My oldest will soon volunteer for a vet office, I think she will learn more biology if she gets to watch a surgery than she will by cutting up an animal to poke around inside.
All that aside, if your son is interested in it you should probably let him do it, nothing squelches the desire to learn as much as only being allowed to study in ways you don’t want to and never in ways that you do want to.
I almost passed out when we did the actual dissection in the 9th grade and my science partner had to finish the project. What did I learn from that? That I did not want to be in the medical field.
Anyway, if I find the other link, I’ll come back and give it to you.
There are other ways of learning internal organs that don’t involve the smells of dead pickled frog.
Found it. The reason I couldn’t find it before was because it is a pig, not a frog…but close enough, huh?
Here ya go. http://www.whitman.edu/biology/vpd/main.html
Of course, being farm raised helped too.
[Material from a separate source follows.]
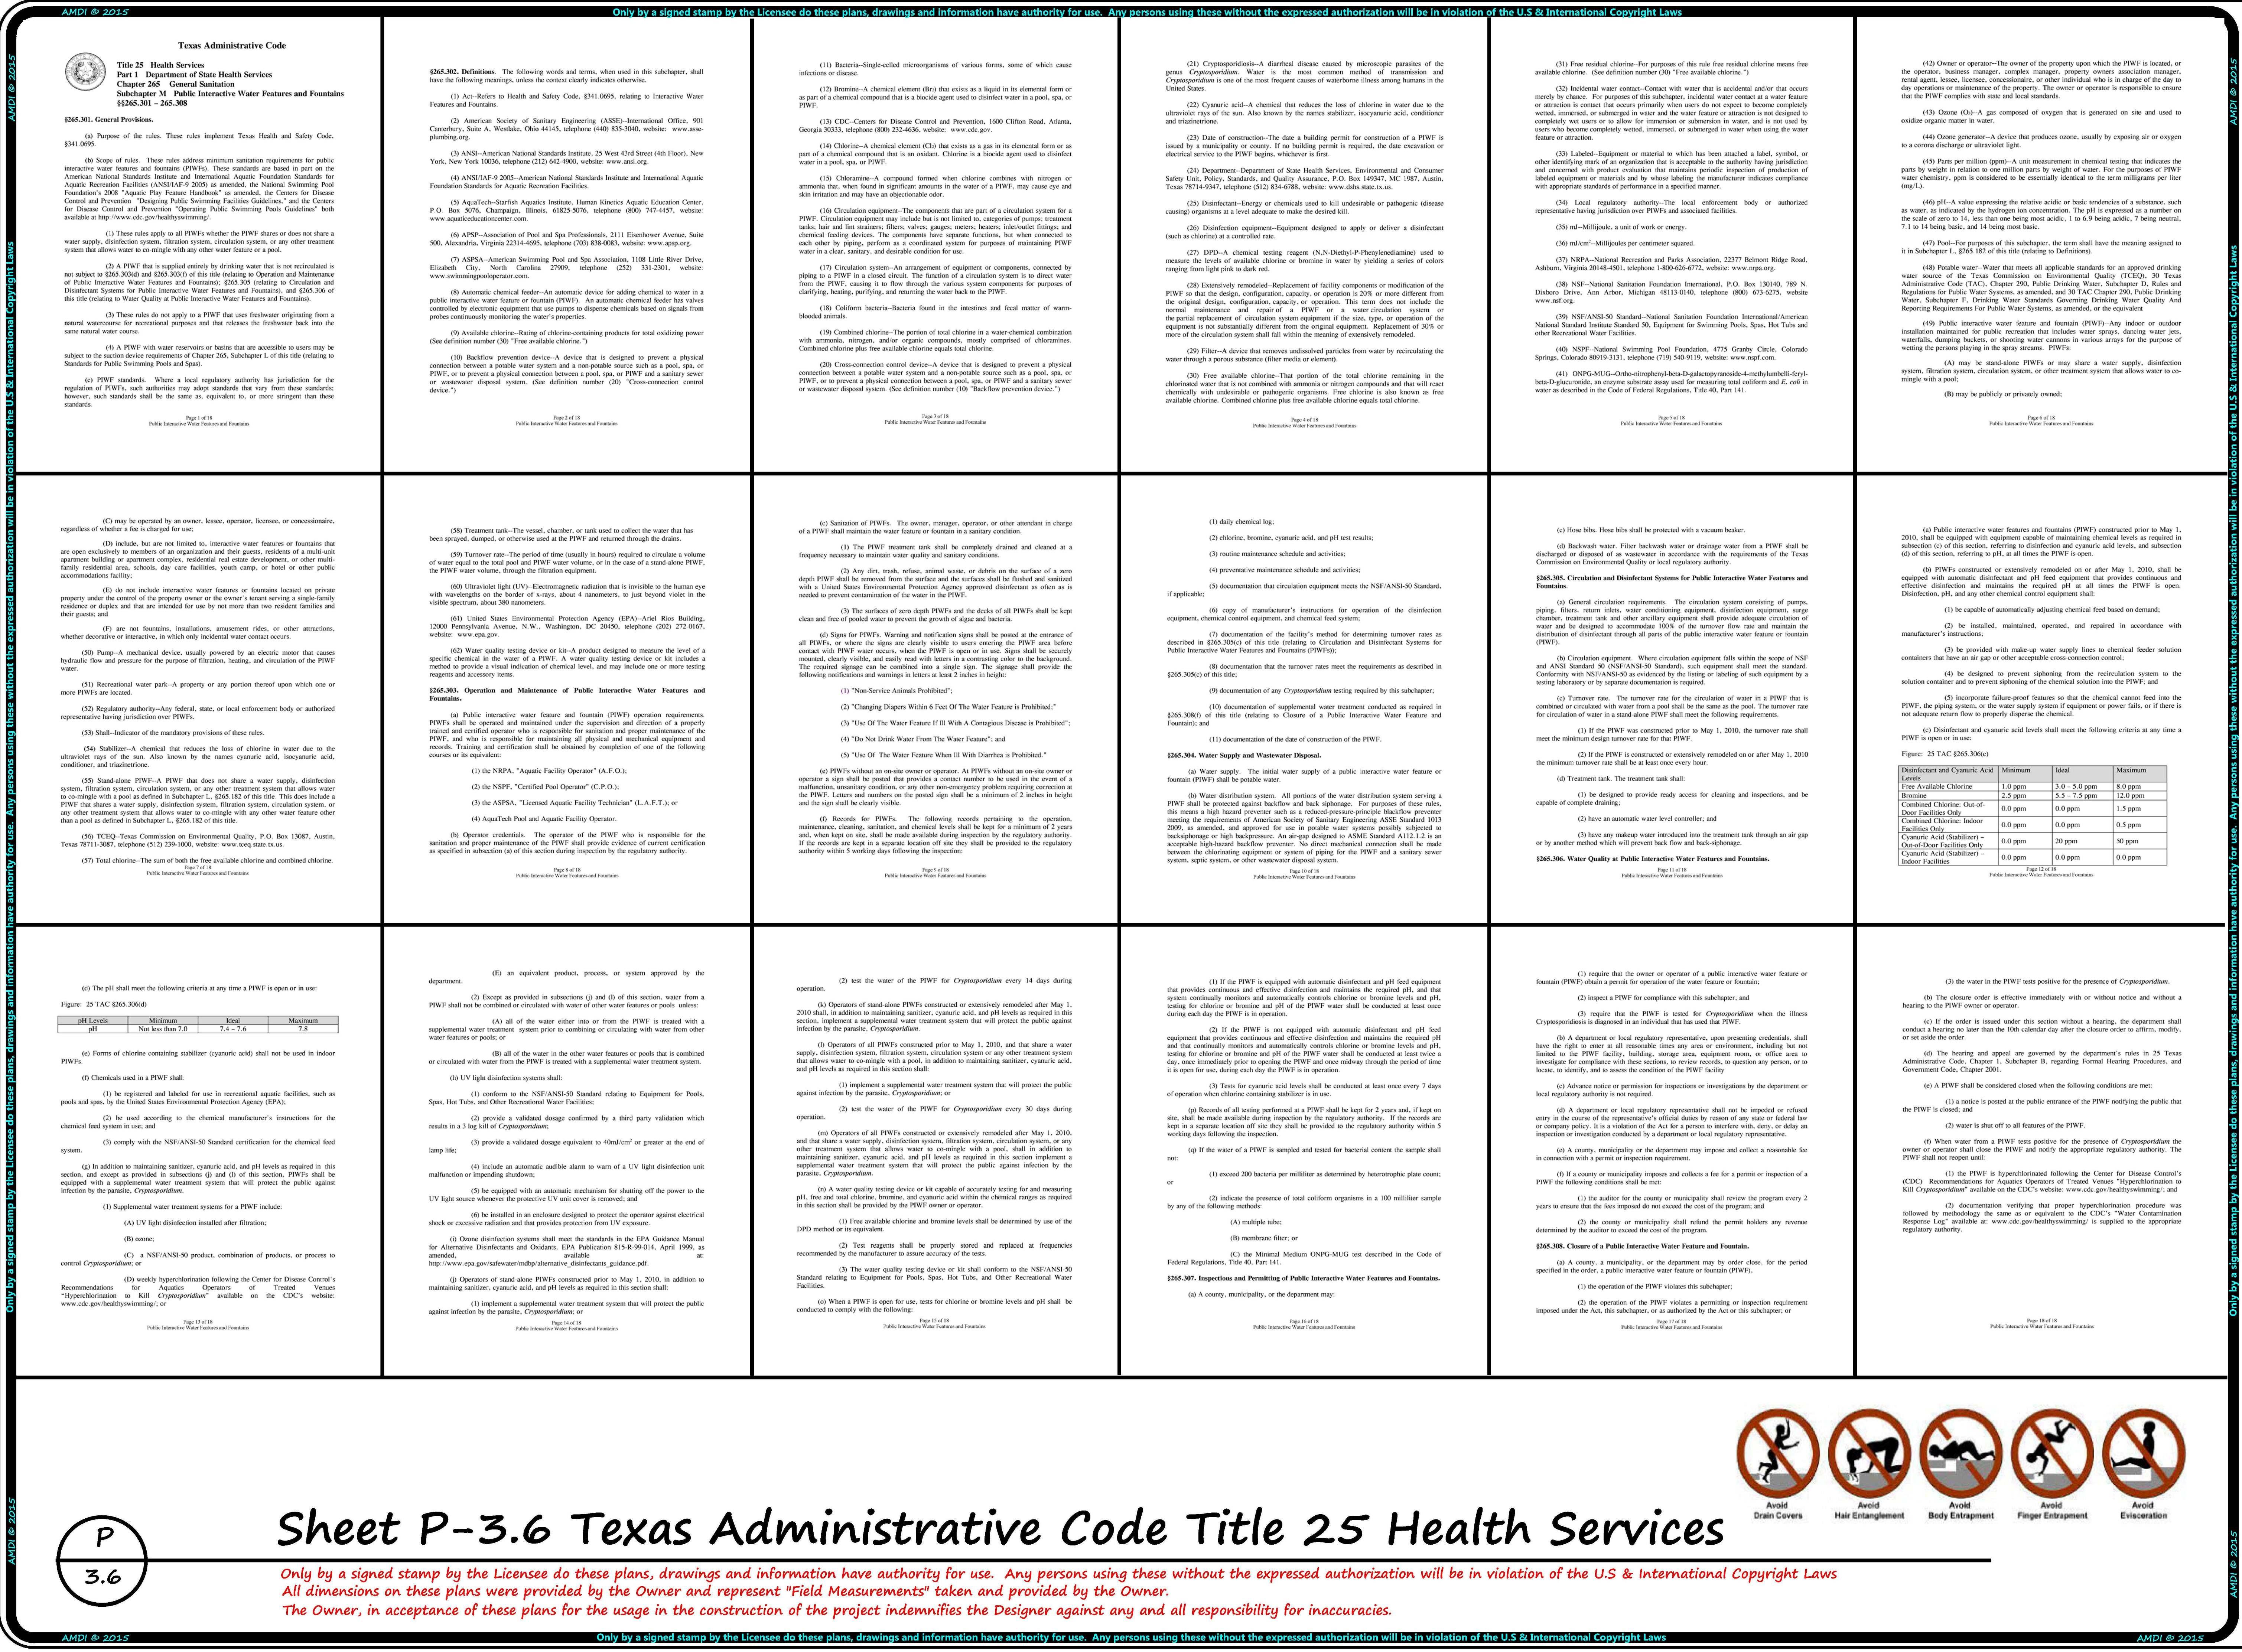 TEXAS ADMINISTRATIVE CODE TITLE 25 Pg. 1 thru 18

I was very familiar with where meat came from, from an early age, so I wasn’t put off by the experience.
If you choose to do the actual dissection yourself, Apologia has a kit that includes the materials needed to complete the dissection, as well as 4 different specimens (frog, crayfish, perch, and earthworm) for $36. Here’s the link: https://apologia.securesites.net/store/index.php?main_page=product_info&cPath=26_29&products_id=48
I hope that helps.
Medical School students have to dissect CADDAVERS of humans. It’s required!
You learn what’s inside that way.
Michelangelo learns how to draw better humans by doing disections.
Science learned about the knee jerk from hooking up electrical charges to the muscle of a disected frog, proving that muscle contracts when charged with electricity.
So you learn something.
WHAT is hard to say.
Anyway, it was the first time tie that I had seen that the organs were really concrete actual things. It was such an abstract thing and played a part in my decision to become a nurse. Altho I hated it – it seemed to make the whole thing with cells making organs and organs making systems more real to me.